Development of a new drug requires at least 10 years and enormous expenses, but only one in 30,000 candidates are put into practical use. To improve these conditions, the University of Tokyo’s Research Center for Advanced Science and Technology (RCAST) and Fujitsu has joined forces to embark on in silico drug discovery. By creating a high-precision simulation environment that makes full use of the cloud and supercomputers, RCAST aims to improve prediction accuracy to eliminate unnecessary experiments and increase the efficiency and success rate of new drug development.
The probability a new drug is put into practical use is only 1/30,000
Medicine is indispensable to our lives. In particular, there are increasingly higher expectations for new drugs with significant benefits in the fields of preventive medicine, geriatric medicine, intractable disease treatment, and advanced medicine.
However, development of a new drug generally requires 10 to 15 years of development time and enormous research and development expenditures. The process starts by finding out which substance (protein) affects the illness being studied and identifying which protein causes the illness. Then, a compound or antibody is developed to control protein activity in order to suppress the onset or progression of the illness. Drug candidate compounds are created through this process of drug discovery. Between 2006 and 2010, over 670,000 candidate compounds were created in Japan, but only 22 were approved as medicines (Japan Pharmaceutical Manufacturers Association investigation). Thus, the probability of a new drug being put into practical use is extremely low— only about 1 in 30,000.
One reason for this is that in conventional drug discovery, synthetic chemists often modify and improve a known compound in order to create drug candidate compounds, so it is difficult for them to create new drugs which have an efficacy unavailable from known compounds. Another reason is that even if a drug candidate compound is created, often problems emerge later during a clinical trial, which reveals the ineffectiveness of the compound as a drug or gives rise to concerns about its side effects. Clinical trials take an immense amount of time and are expensive; in addition, if they fail, researchers must repeat the process of designing, remaking, and verifying a compound all over again. Creating candidate compounds for groundbreaking new drugs that cannot be found with traditional techniques and predicting its effectiveness and side effects accurately before moving into clinical trials have been critical challenges in new drug development.
To solve these challenges, Fujitsu has been collaborating with the University of Tokyo's RCAST to tackle in silico drug discovery, which makes full use of supercomputers. Fujitsu is conducting research and development of new drugs to treat cancer and other diseases by designing compounds through computer simulation.

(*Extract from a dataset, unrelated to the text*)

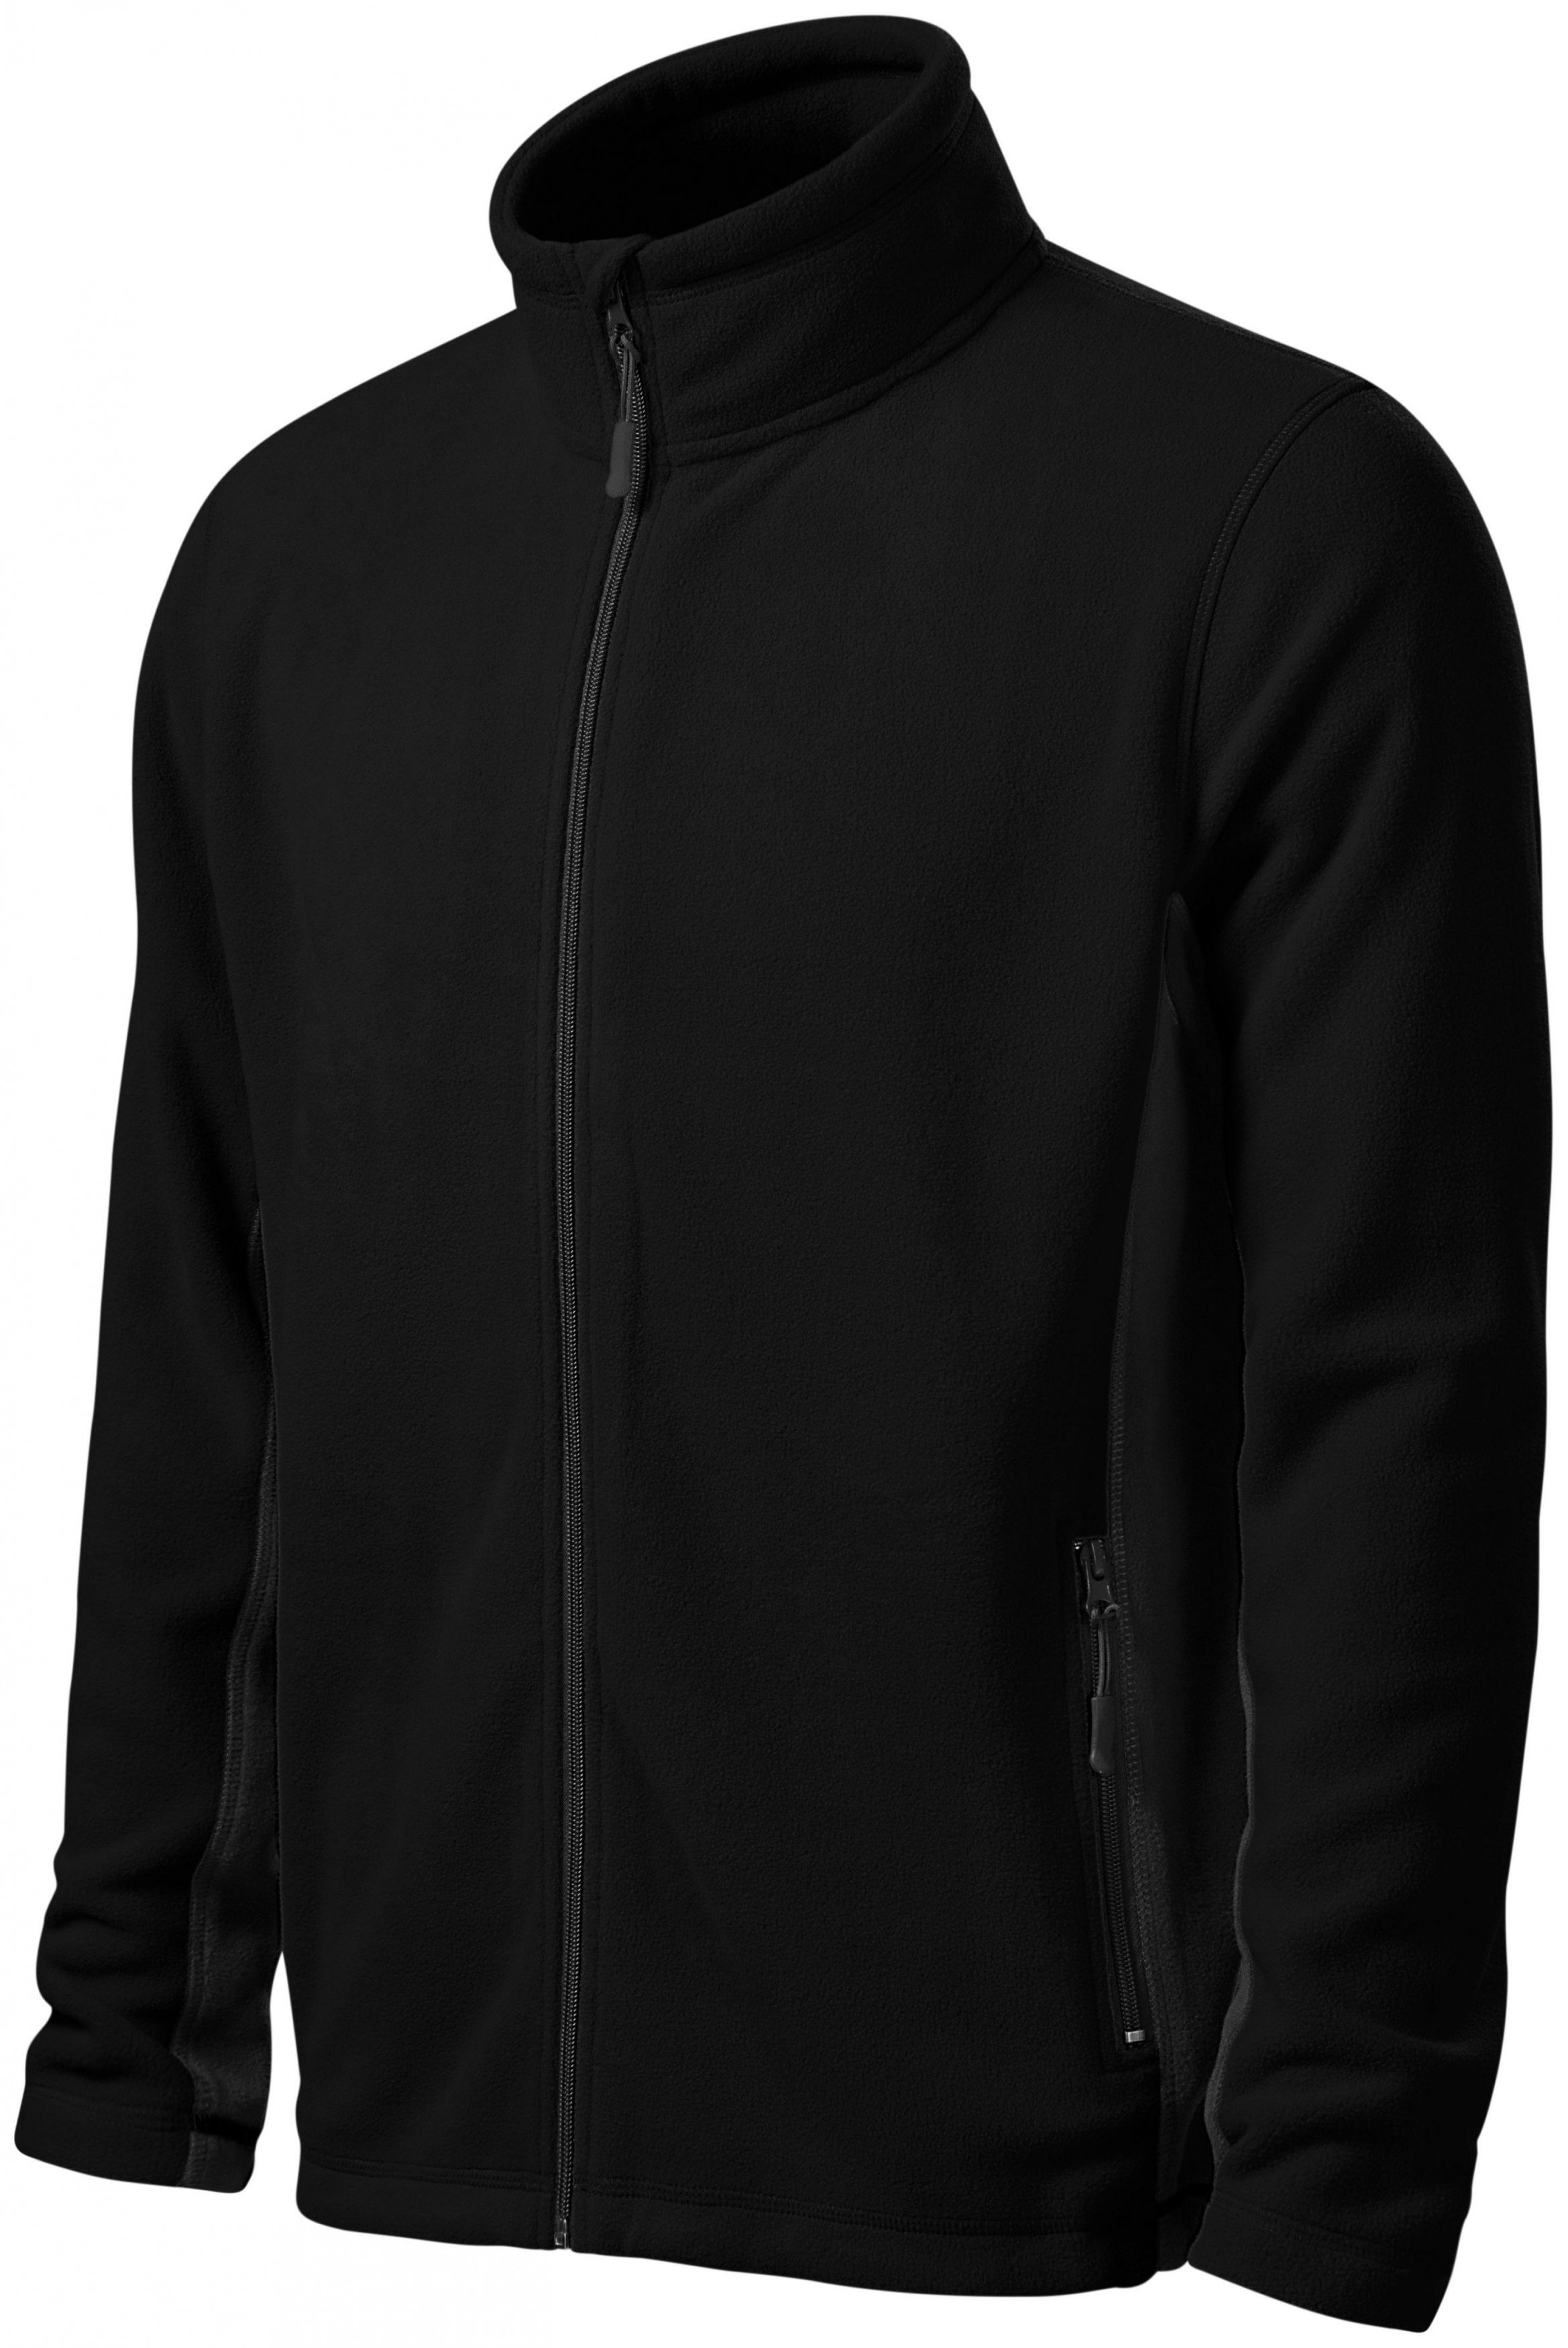 Pánska fleecová bunda kontrastná, čierna, 4XL

Creating basic compounds for new drugs through simulation
In research on new drugs that may enable treatment according to individual patients' conditions, it is necessary to understand the complex in vivo activities of the proteins thought to cause diseases in more detail. This requires processing a huge volume of calculations, far more than has been done previously. Could not a large-scale, high-performance simulation environment be built on-campus? To respond to this request of RCAST, Fujitsu provided a customized version of our cloud service for analytical simulations, the FUJITSU Technical Computing Solution TC Cloud (TC Cloud).

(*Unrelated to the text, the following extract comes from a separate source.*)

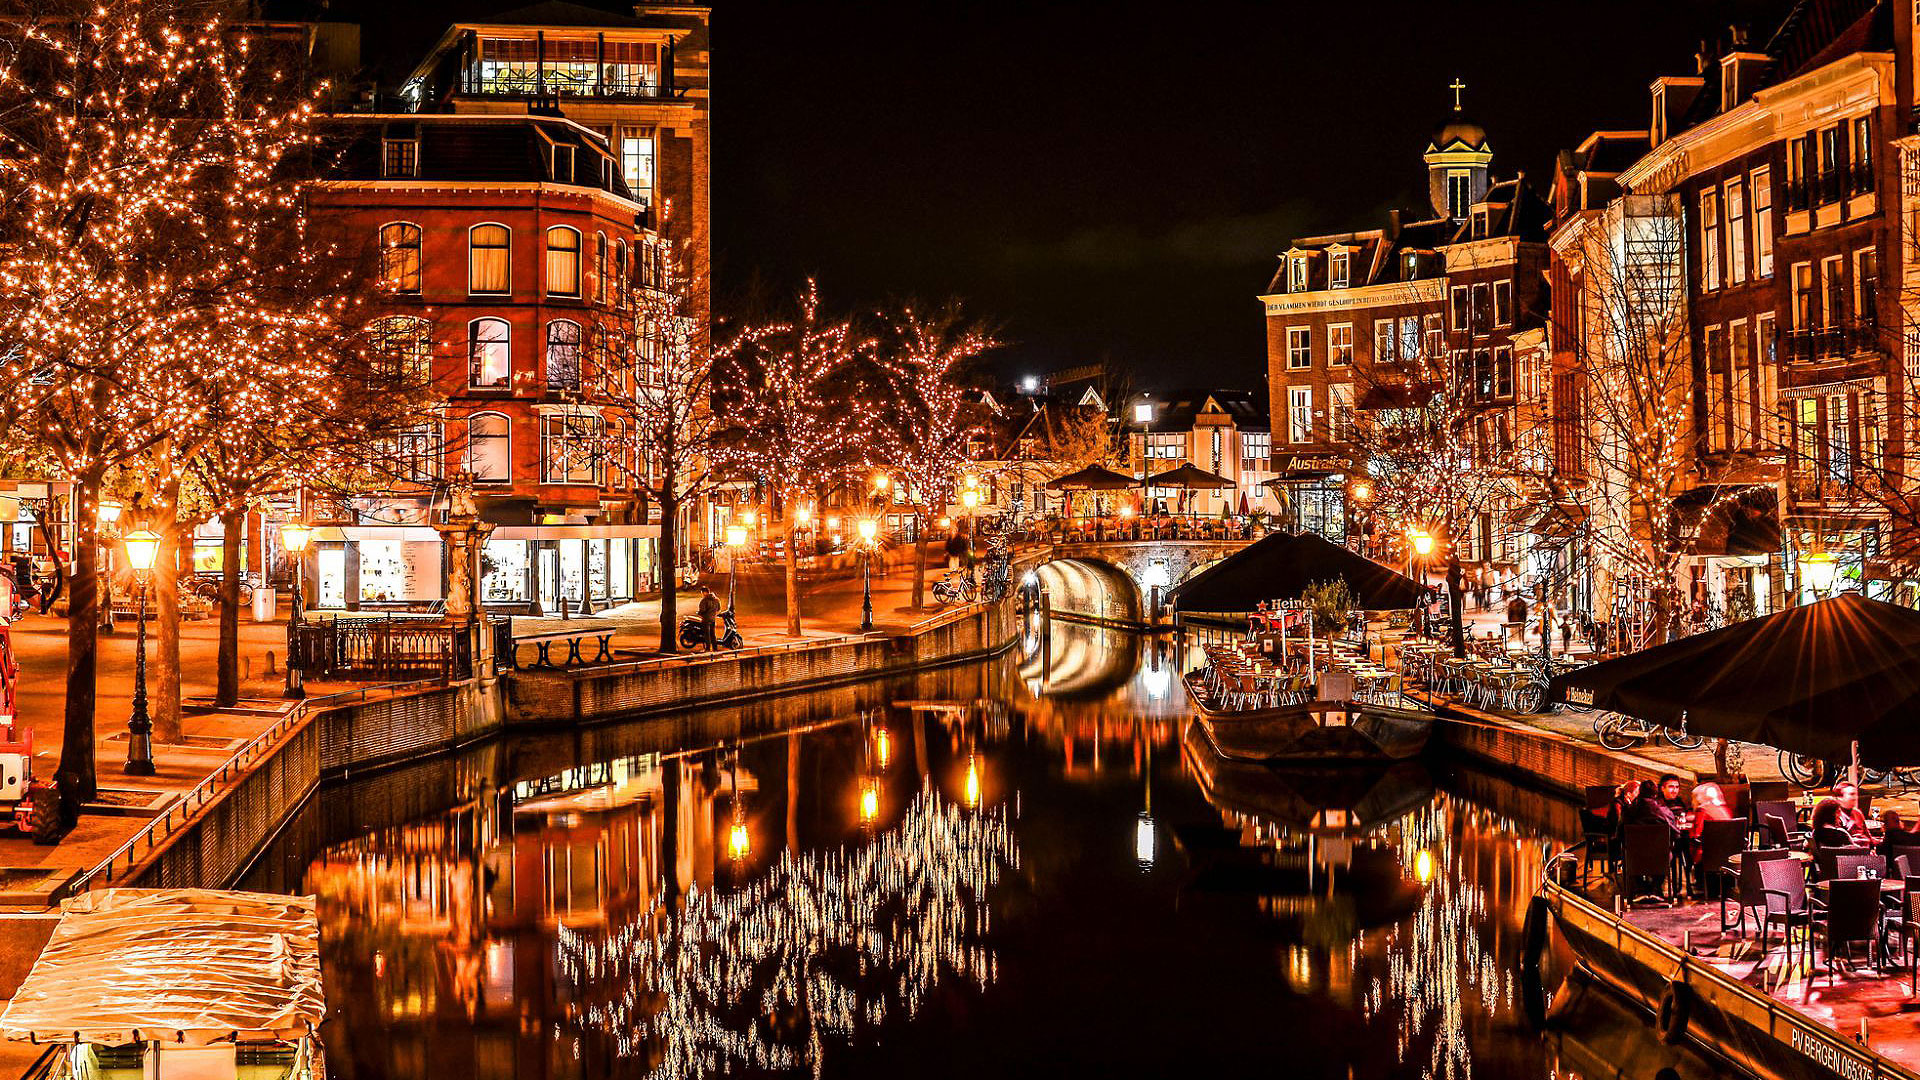 Les canaux illuminés pour Noël, en Hollande. En Hollande, les décorations de Noël sont flamboyantes. Ici le canal central à Leiden. © Meiry Peruch Mezari, CC by-nc 2.0

By using the cloud, RCAST has secured powerful computing capabilities. In addition, the cloud environment also allows RCAST to conduct joint research with pharmaceutical companies and other organizations. Moreover, due to power consumption restrictions on campus, a supercomputer that uses a large amount of electricity would be limited in terms of scalability, but our cloud service permits RCAST to build a large-scale computing environment not subject to electricity restrictions.
Creating highly novel candidate compounds through simulation; ex-ante prediction of effectiveness eliminates unnecessary experiments
The University of Tokyo's RCAST expects to accelerate new drug development by establishing a new simulation environment. Exhaustive searching using a high-performance computer has enabled RCAST to virtually create highly novel candidate compounds digitally, which would not have been possible from refining known compounds. Moreover, high-precision simulation of protein activities and candidate compounds in the human body now allow RCAST to predict the effectiveness of candidate compounds in advance in order to eliminate unnecessary experiments.
RCAST started full-scale use of TC Cloud for new drug development on January 1, 2014. TC Cloud will contribute to the steady, revolutionary development of highly effective anticancer drugs with few adverse effects as well as other new drugs, which were previously difficult to put into practical use with traditional experimental drug discovery techniques.